## What this task involves
Don't include any picture when you restate the data word for word.

## Information supplied
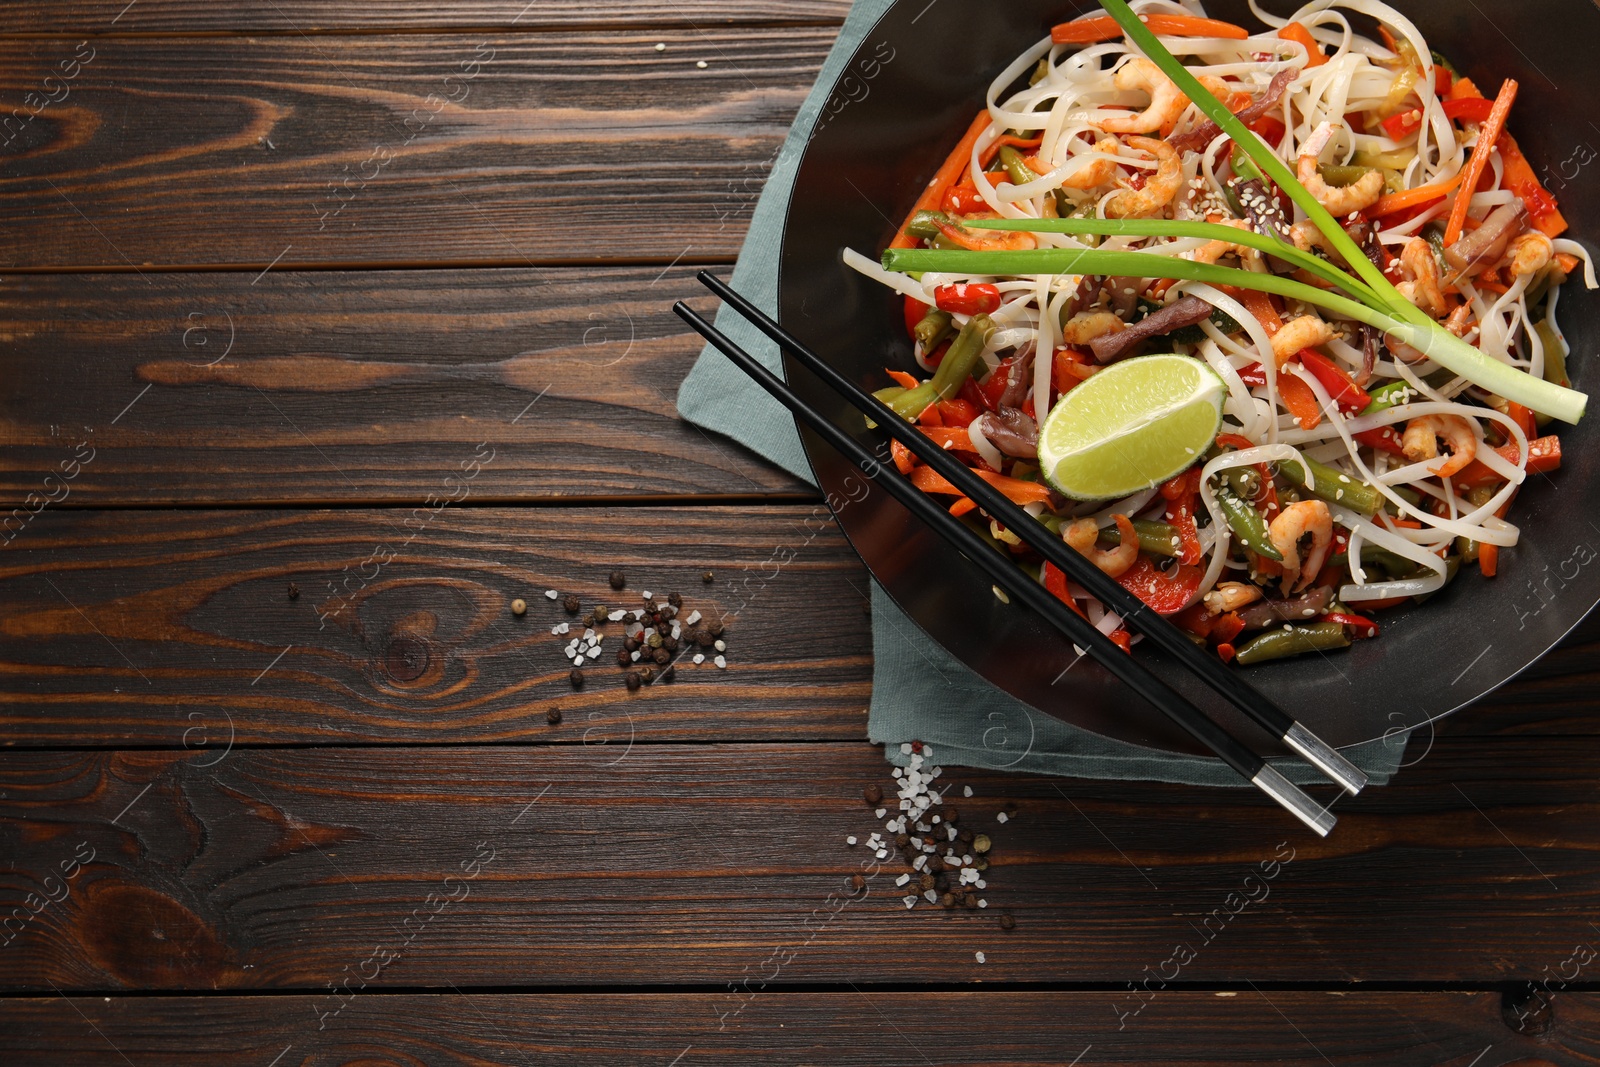 Photo of Shrimp stir fry with noodles and vegetables in wok on wooden table, top view. Space for text
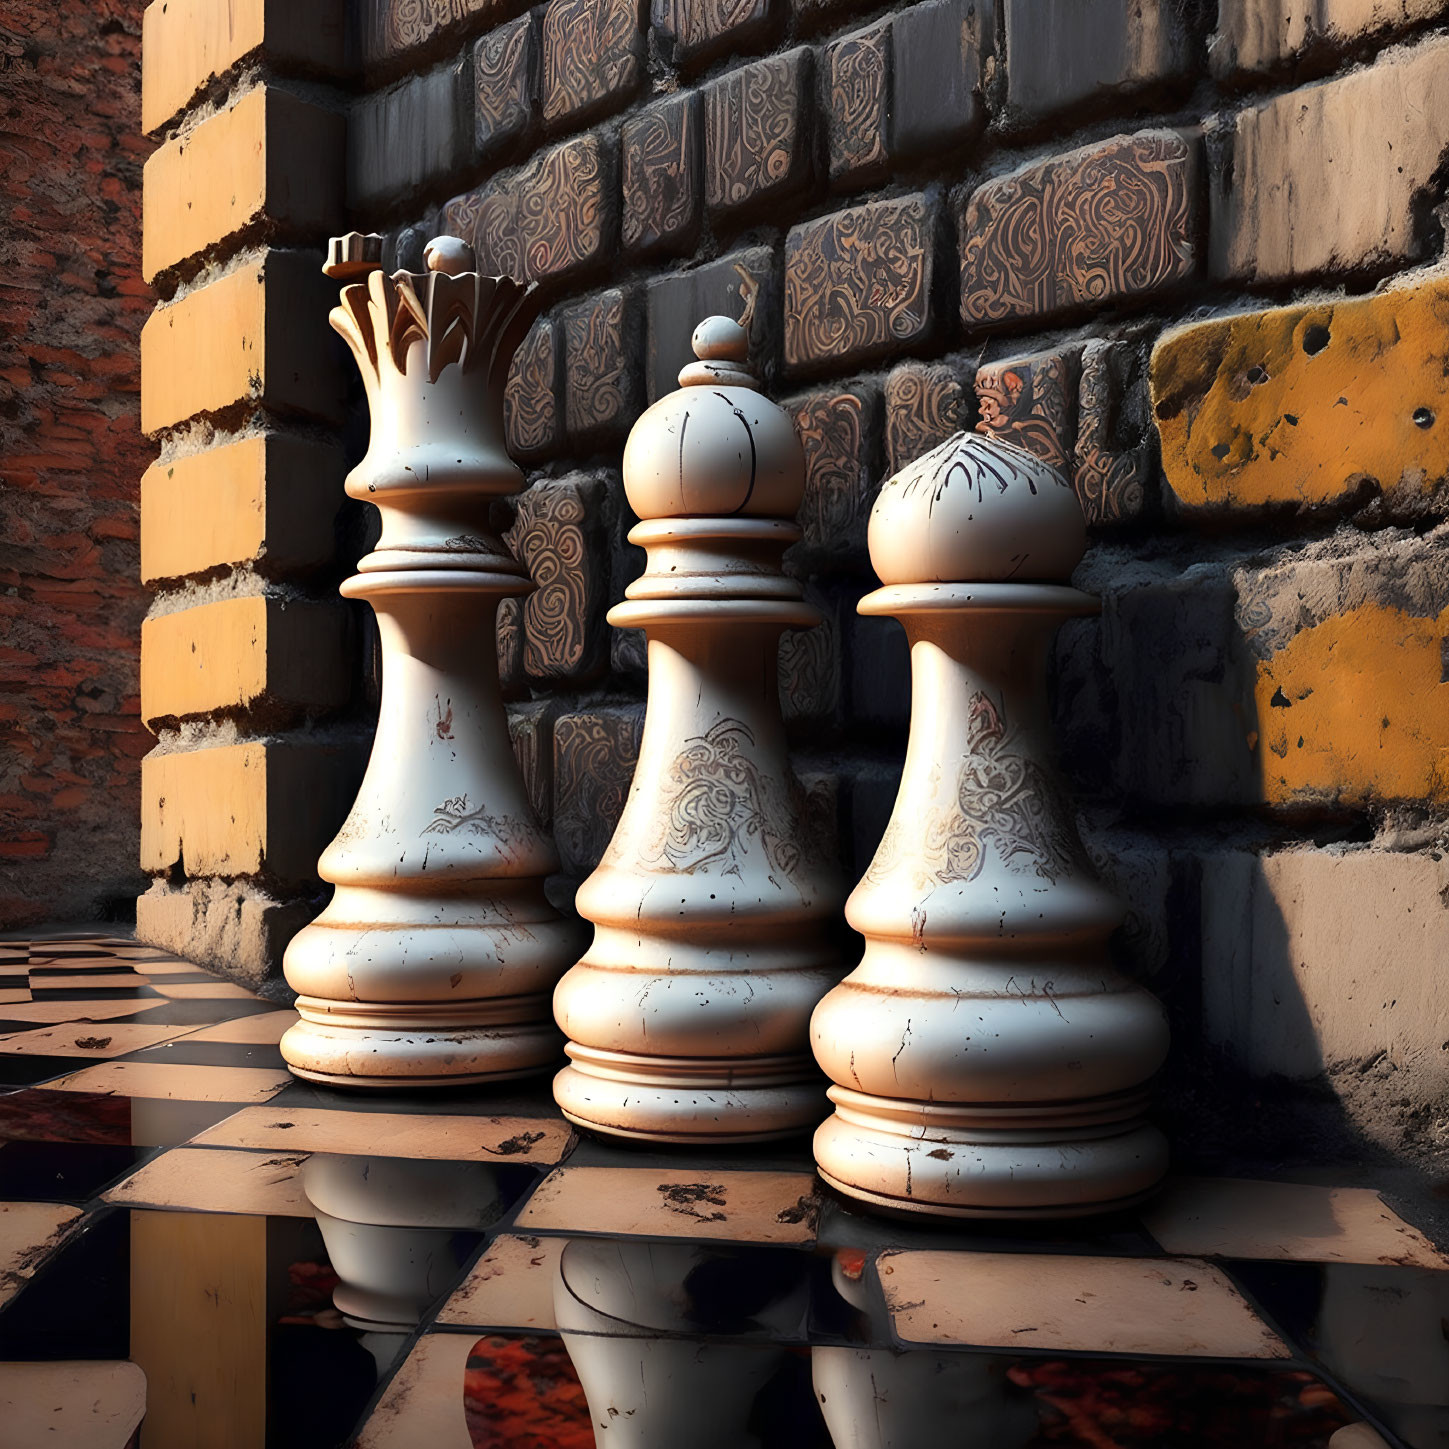 White Chess Queen, Rook, and Bishop on Checkerboard with Brick Wall
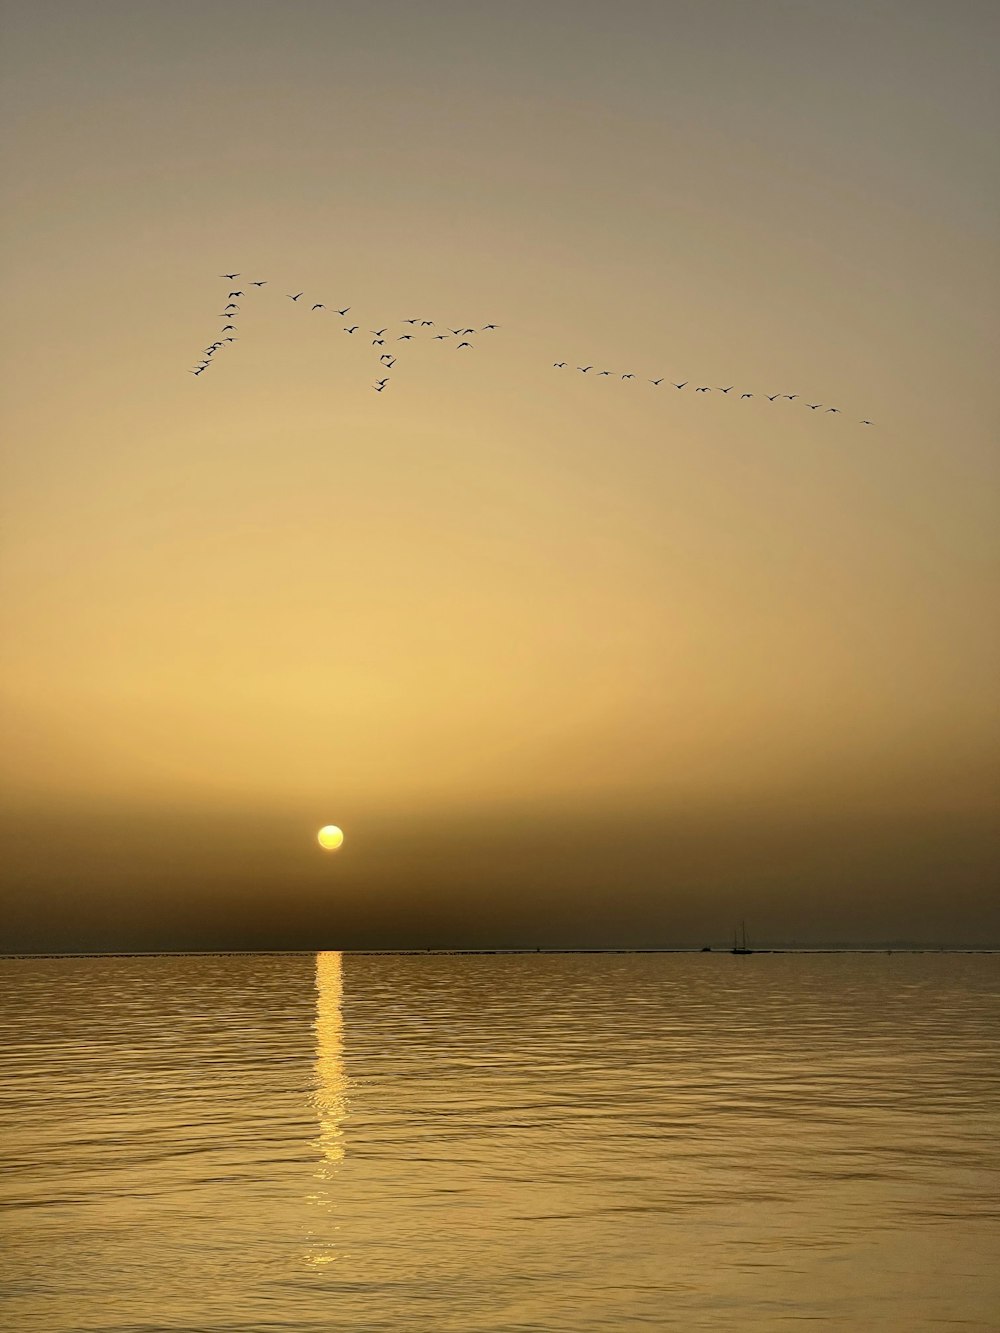 a flock of birds flying over the ocean at sunset
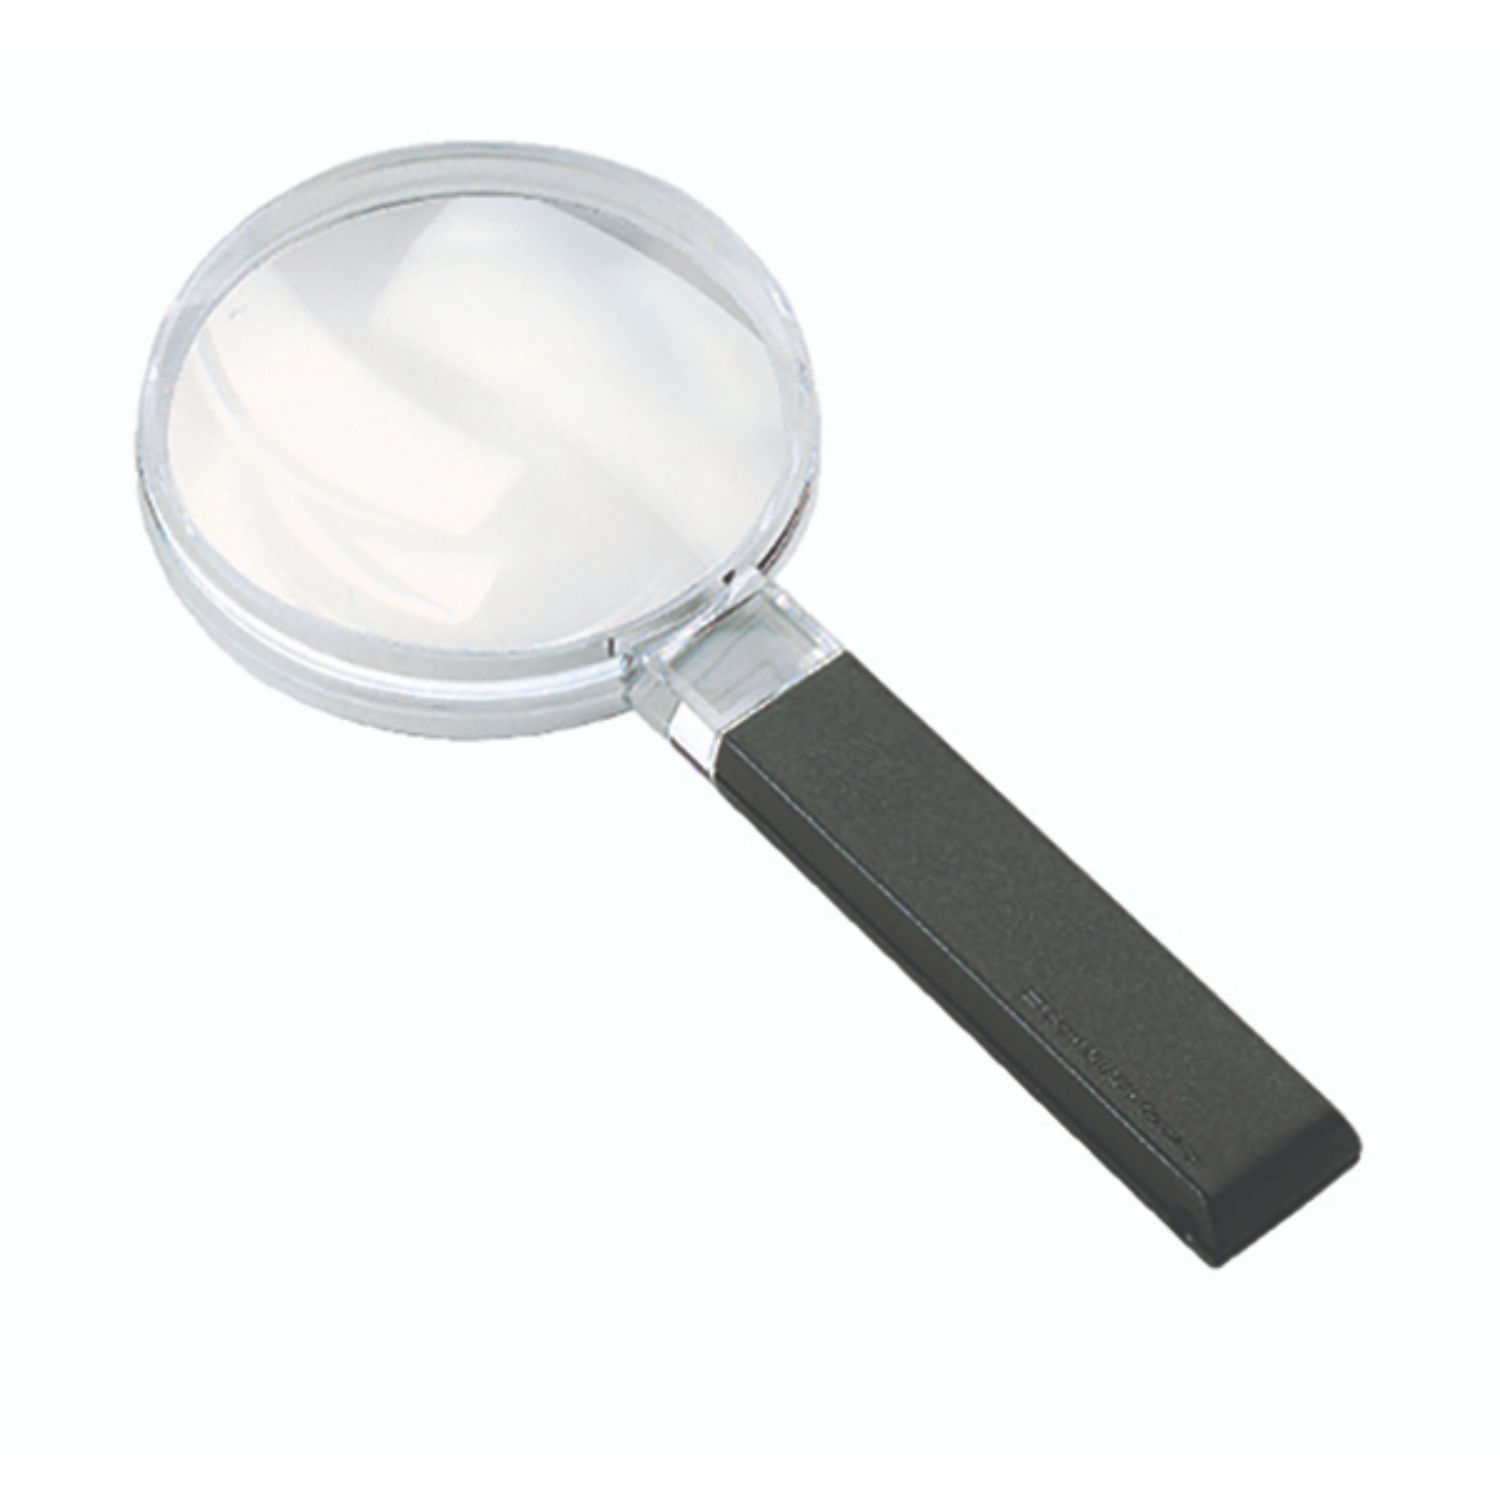 Large Magnifying Glass

## Exercise result
 Photo of Shrimp stir fry with noodles and vegetables in wok on wooden table, top view. Space for text
 White Chess Queen, Rook, and Bishop on Checkerboard with Brick Wall
 a flock of birds flying over the ocean at sunset
 Large Magnifying Glass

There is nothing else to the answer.